Color image of Jeff Masek and Brian Freitag with logo for USGS EROS podcast Eyes on Earth
Dr. Jeffrey Masek (lower left), NASA Landsat Project Scientist, and Brian Freitag, NASA IMPACT project

But with observations collected every eight to 16 days, there are limits to what can be tracked. On the most recent episode of the USGS EROS podcast Eyes on Earth, listeners had the opportunity to hear about a provisional and soon to be science quality data product that merges Landsat data with data from the European Space Agency’s Sentinel-2 satellites.

Harmonized Landsat-Sentinel (HLS) data will be available through the Land Processes Distributed Active Archive Center (LP DAAC), which is located at EROS. The new data set will offer more opportunities to monitor rapid change and be available in a cloud-friendly format at no cost to users.

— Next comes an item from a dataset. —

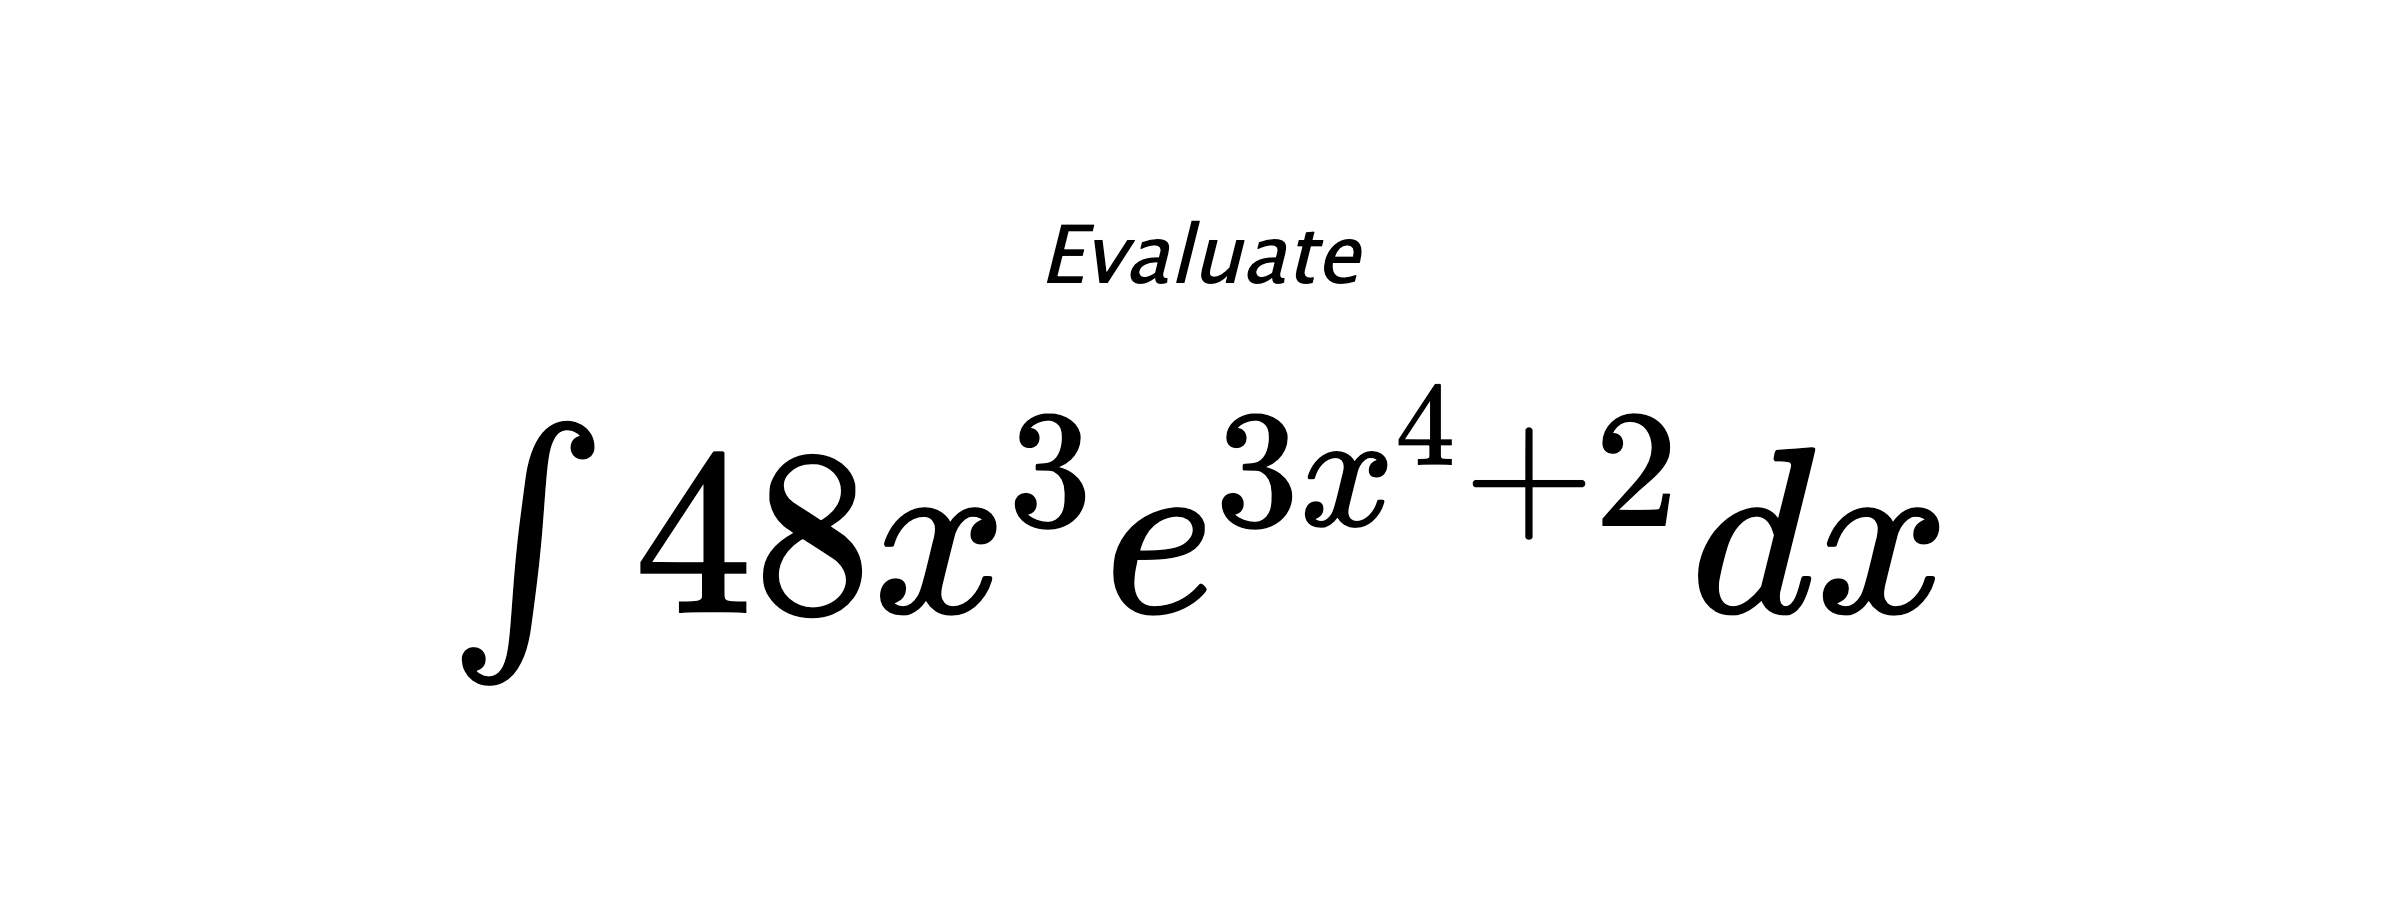 Evaluate $ \int 48x^3e^{3x^4+2}dx $

The guests on Episode 45 were Landsat Science Team member and Landsat Project Scientist Jeff Masek, who wrote the algorithm that produced the HLS prototype, and Brian Freitag. His team at the Interagency Implementation and Advanced Concepts Team (IMPACT) project at NASA Marshall Space Flight Center worked to scale up HLS and make it friendly for use in the cloud.

Visit the Episode 45 show page to download the audio file and access links on how to get started with HLS. Visit the Eyes on Earth main page to access every episode.

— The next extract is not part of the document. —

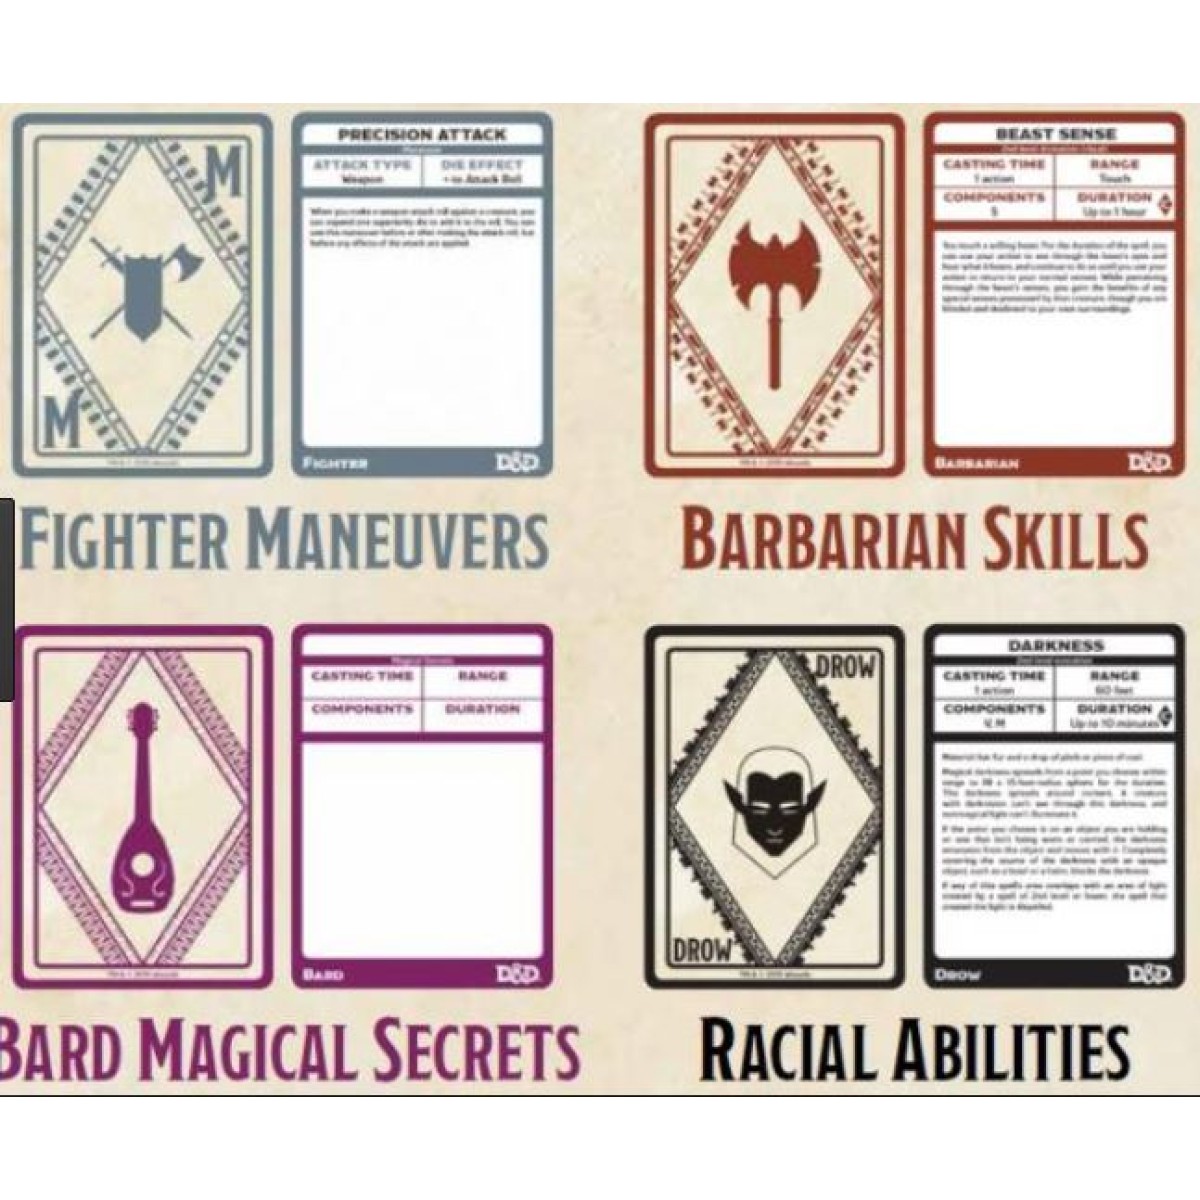 D&D Spellbook Cards Martial Powers & Races

Here are the highlights from the conversation with Masek and Freitag, edited for length and clarity.

EYES ON EARTH (EoE): Let’s talk a little bit about Landsat and Sentinel. How are these satellite systems similar, and how are they different?

JEFF MASEK (JM): From an applications perspective, both Sentinel and Landsat serve a lot of the same needs. They’re used to look at land characteristics and land change worldwide—things like global agriculture, natural disasters, changing icecaps, urbanization—basically any time you need to get down to a spatial resolution fine enough to see human activities and the consequences of human activities.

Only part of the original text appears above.